Post-pandemic, it remains to be seen if businesses would retreat from their digitalisation efforts and return to how they used to run their operations.
To encourage them to stay the course, Seow underscored the need to digitise their mindsets and really understand how online tools should be applied to specific business segments to ensure they were sustainable and help hawkers overcome their hesitation.
“Before the pandemic, a lot of hawkers were not mentally interested in online. It may provide some extra profit for them, but it also brings about problems such as long queues, uncertain opening hours, and responding to online messages,” he said. “Online previously wasn’t the main source of income for them, but with COVID-19 and continued social distancing, the propensity is for hawkers to stick to [their online adoption]. It remains to be seen, though, how much of a role food delivery will be for hawkers.”

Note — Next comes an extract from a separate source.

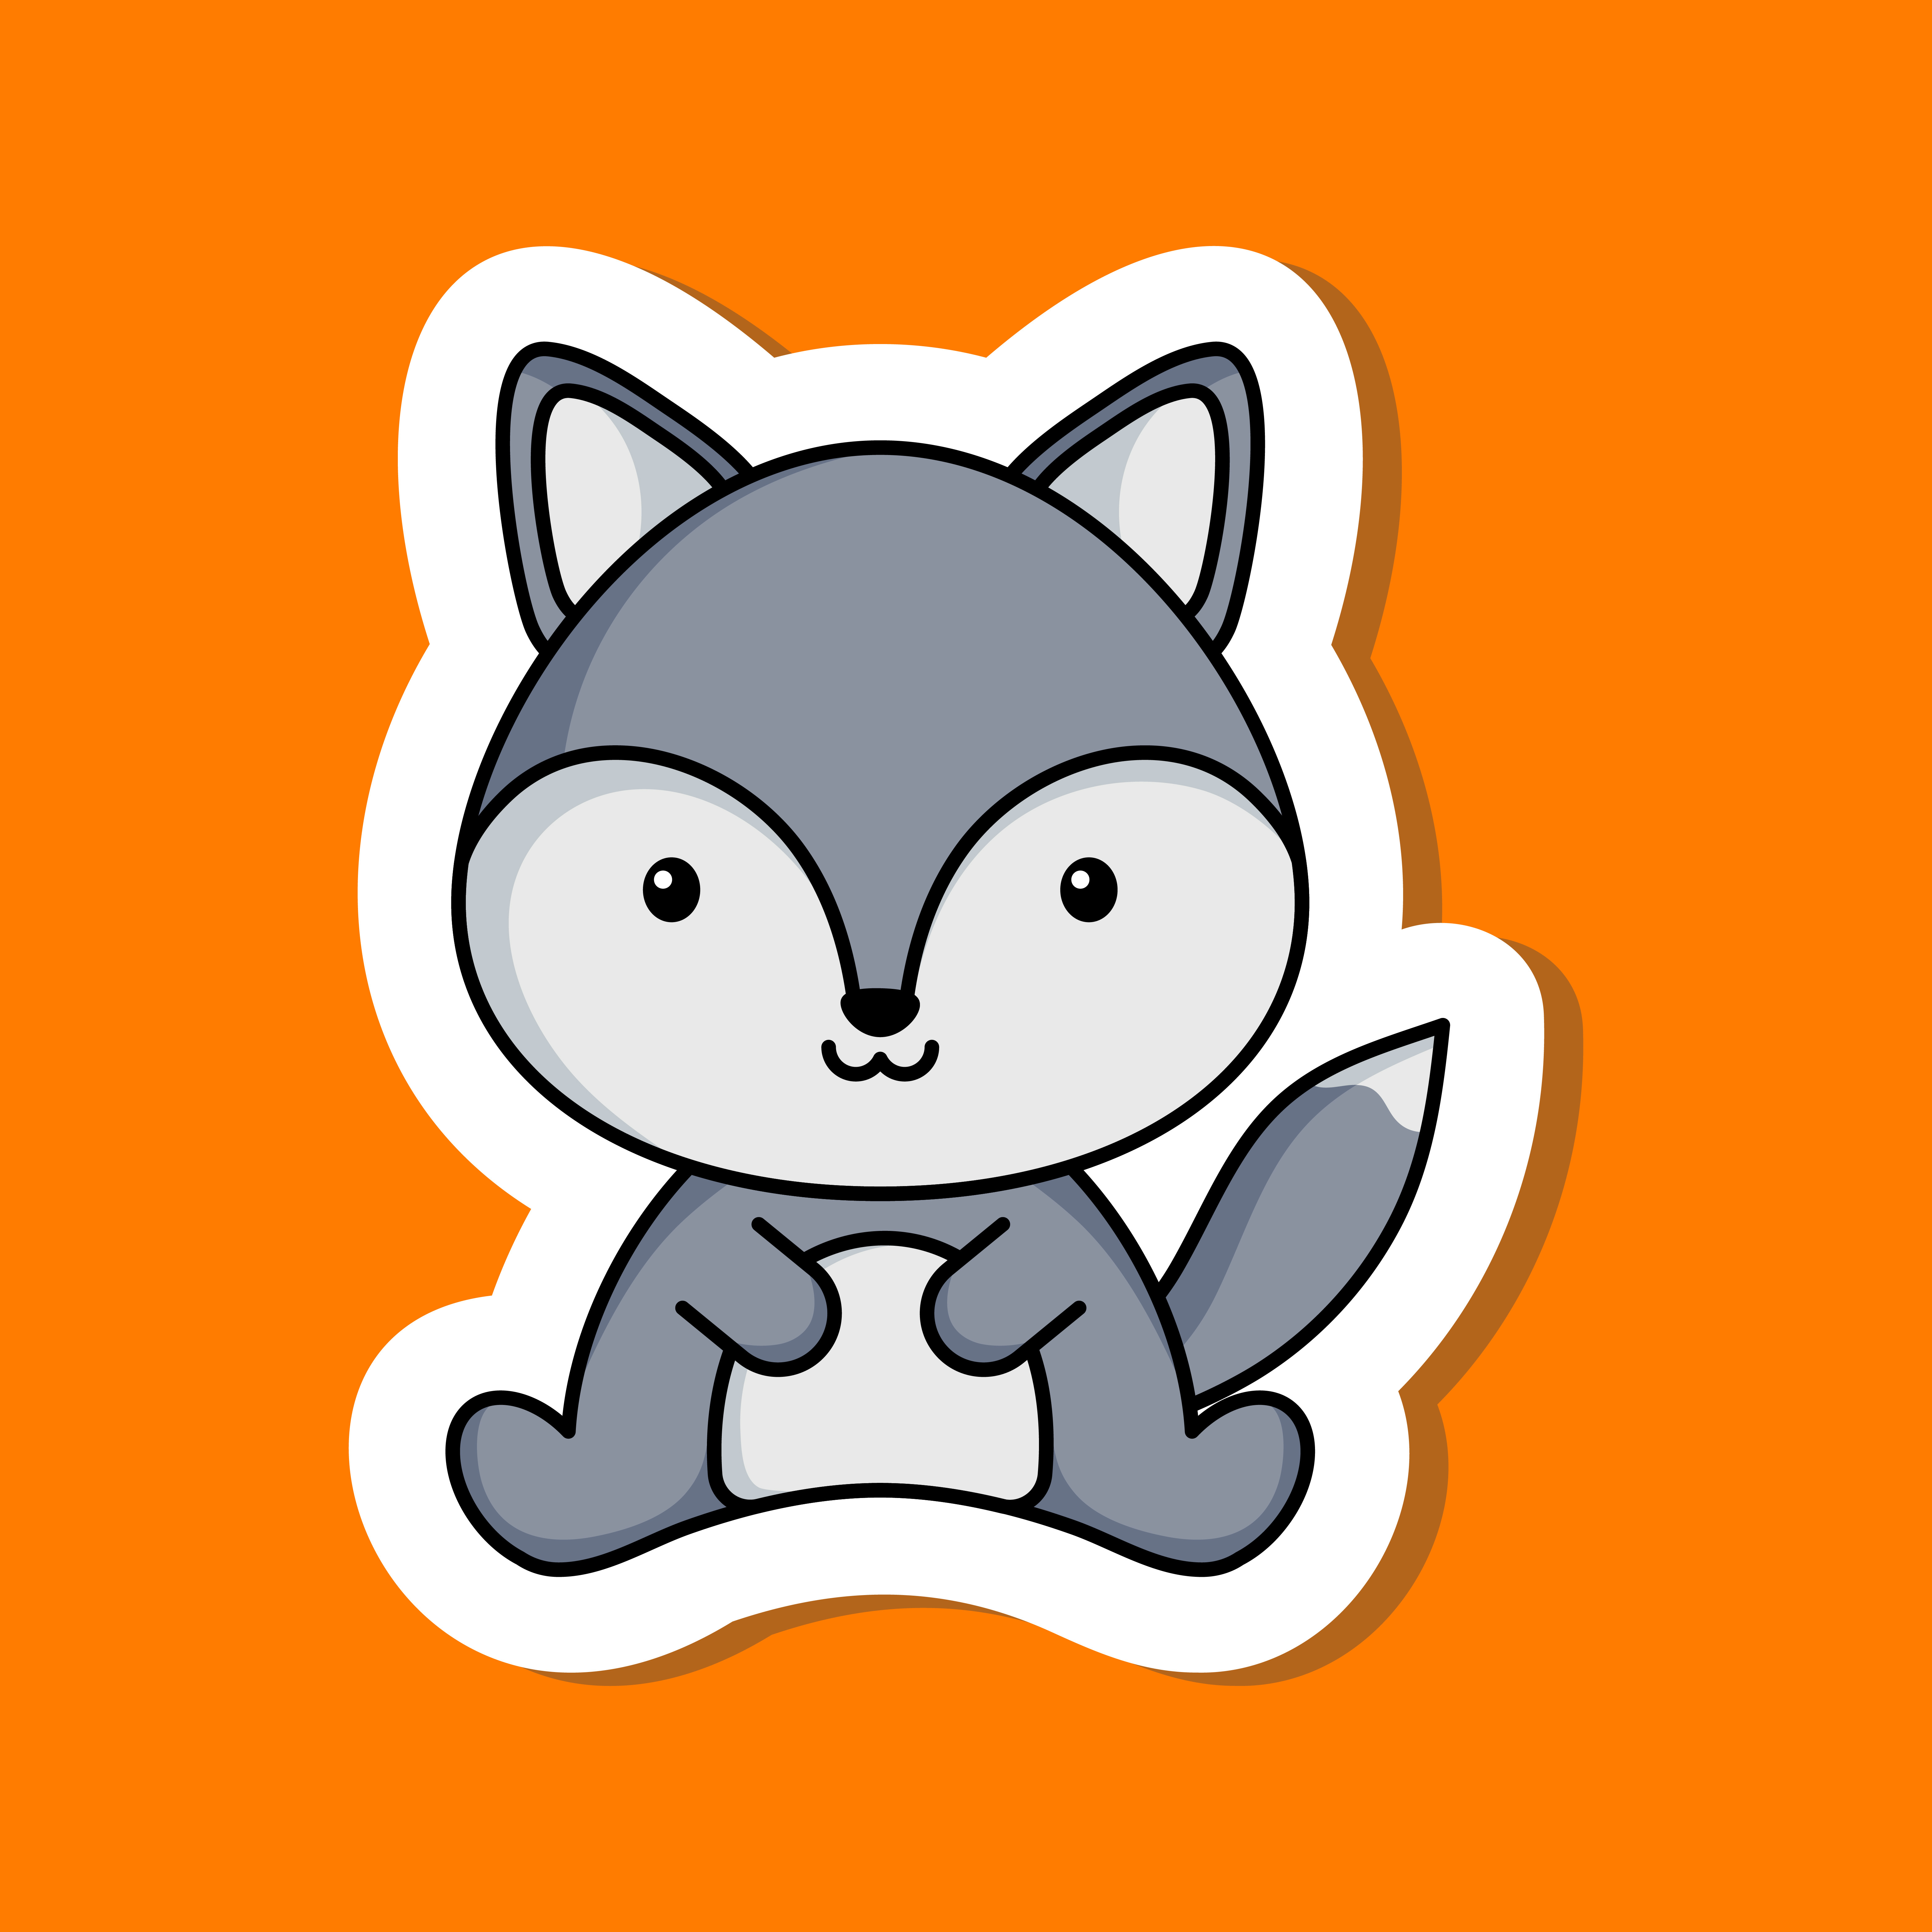 Cute cartoon sticker little wolf logo template. Mascot animal character design of album, scrapbook, greeting card, invitation, flyer, sticker, card. Vector stock illustration.
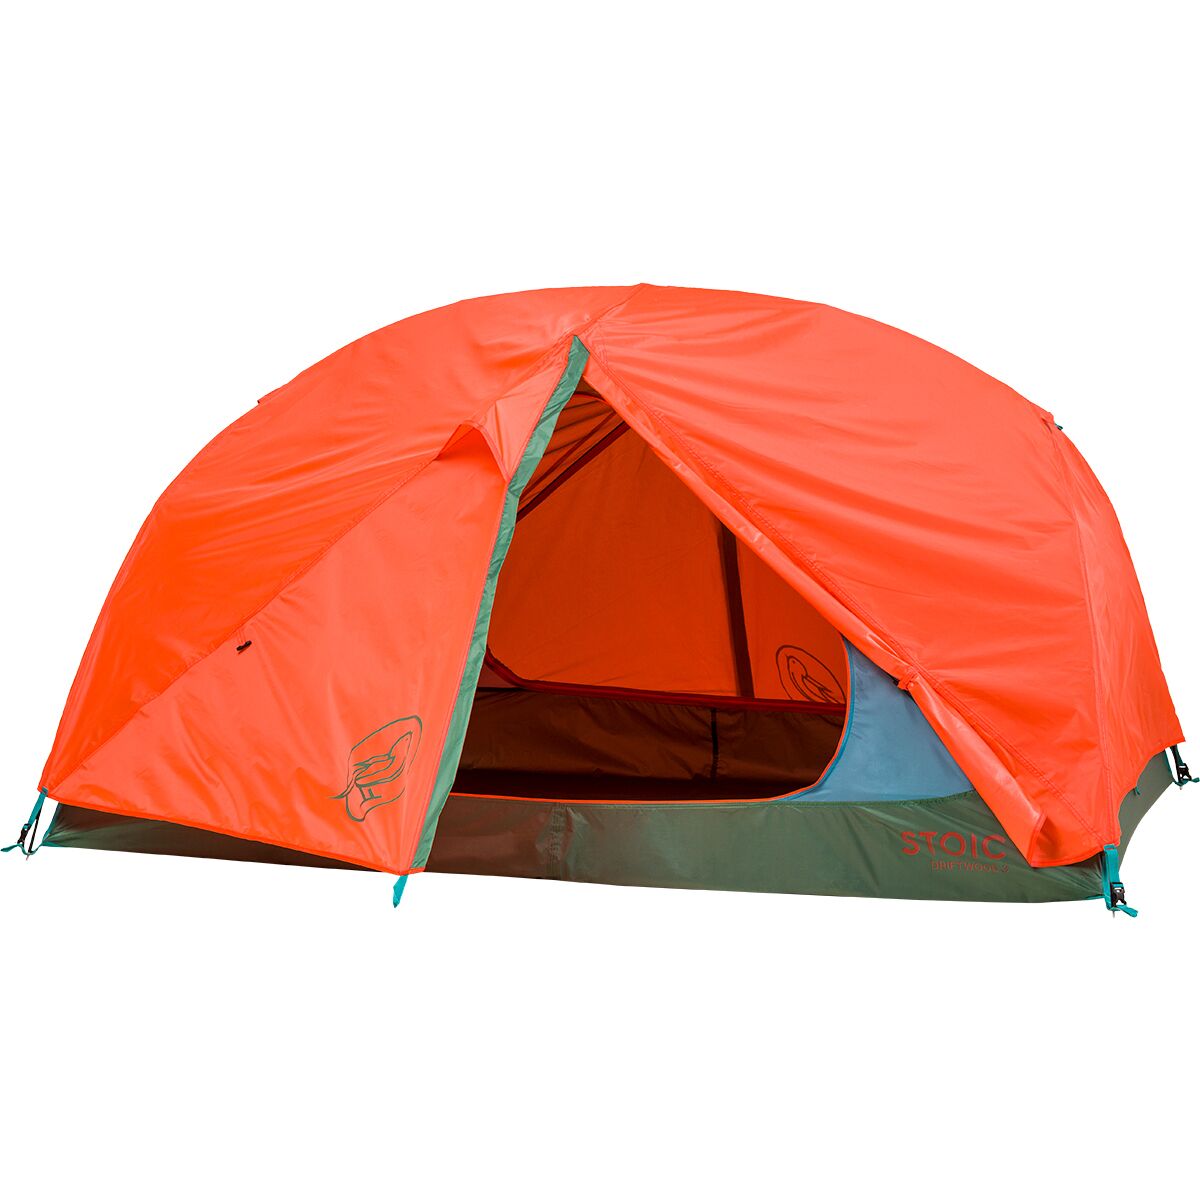 Stoic Driftwood 3 Tent: 3-person 3-season

Ziaudeen also pointed to the need to overcome the “mental barrier” that technology was difficult and unwieldy, especially for older staff. He noted that most digital tools today were intuitive and easier to manage than having to handle multiple chats on WhatsApp.
He further urged the industry to learn from the mistakes made during this pandemic, so it could better prepare for similar crises in future.
“Businesses would be more prepared and agile to ‘flipping the switch’ to cater to social distancing or lockdown measures. Quick diversion of resources, marketing costs, and reallocation of job roles, should be covered in business continuity plans,” he said. “Logistics service providers should prepare access to an emergency workforce to minimise downtime or loss of income of those whose jobs are affected.”
And with consumers expected to opt to stay home in the short to medium term during this pandemic, he stressed the need for the delivery ecosystem to continue to develop and meet ongoing demand. For example, taxi and private hire drivers should be allowed to continue supplementing their income with delivery jobs, he suggested.